The earnings call reflects a positive outlook with strategic growth plans, particularly in the conversational AI segment and Microsoft Teams business. Despite a slight decline in some financial metrics, the company shows strong revenue growth potential and a stable financial position. The dividend declaration and share repurchase program further enhance shareholder value. The Q&A session highlights favorable pricing power in the emerging Voice AI market. Overall, these factors suggest a positive stock price movement in the near term.
The earnings call presents a mixed picture. Positive aspects include growth in services revenue and strong cash flow generation. However, there are concerns about declining margins, increased operating expenses, and tariff-related costs. The withdrawal of revenue guidance also adds uncertainty. The Q&A section reveals optimism about future growth, especially in AI and partnerships, but lacks specific data. Overall, the sentiment is balanced by positive long-term prospects and short-term challenges, leading to a neutral rating.

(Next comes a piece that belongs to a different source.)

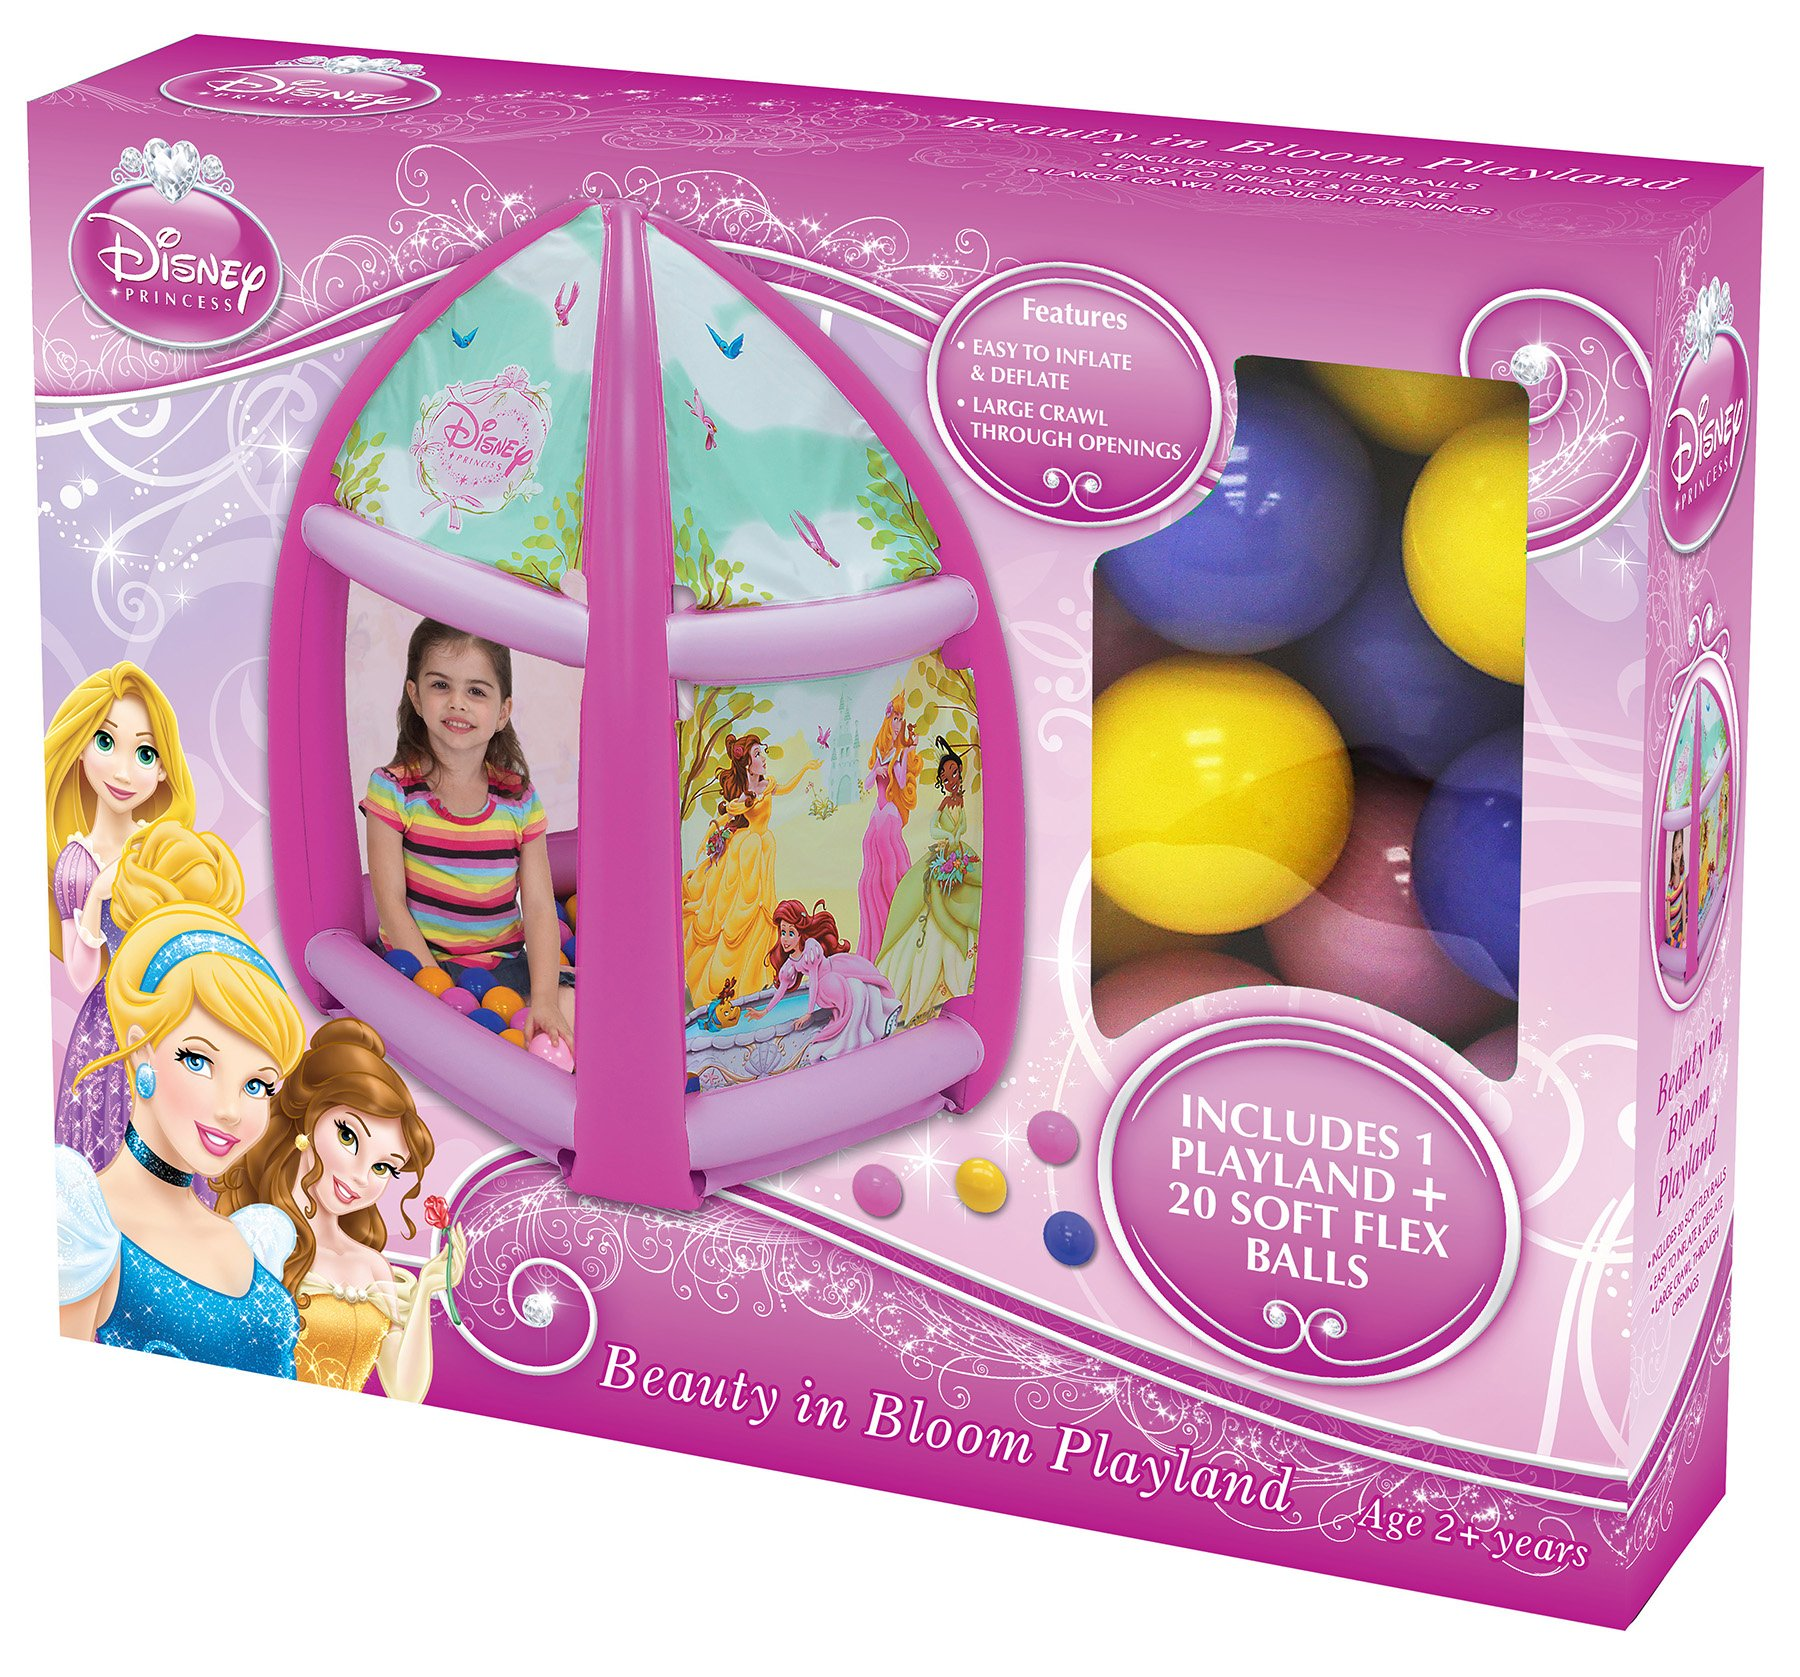 Disney Princess Beauty in Bloom Ball Pit, 1 Inflatable & 20 Sof-Flex Balls, Pink, 37'' W x 37'' D x 34'' H

The earnings call summary highlights several concerns: AudioCodes missed EPS expectations, faces geopolitical risks affecting operations, and acknowledges various uncertainties such as economic conditions and competitive pressures. The Q&A revealed plans to move manufacturing out of China, which might mitigate some risks, but unclear responses about pricing and tariffs add uncertainty. Overall, the negative earnings miss, geopolitical risks, and operational challenges outweigh potential positives, suggesting a likely negative stock price movement.
The decision to withdraw guidance due to tariff and macroeconomic uncertainties, combined with the potential need for additional financing, raises concerns. The slight revenue increase and share buyback are positive, but geopolitical risks and unclear management responses in Q&A add to the negative sentiment. The dividend declaration is overshadowed by the broader uncertainties.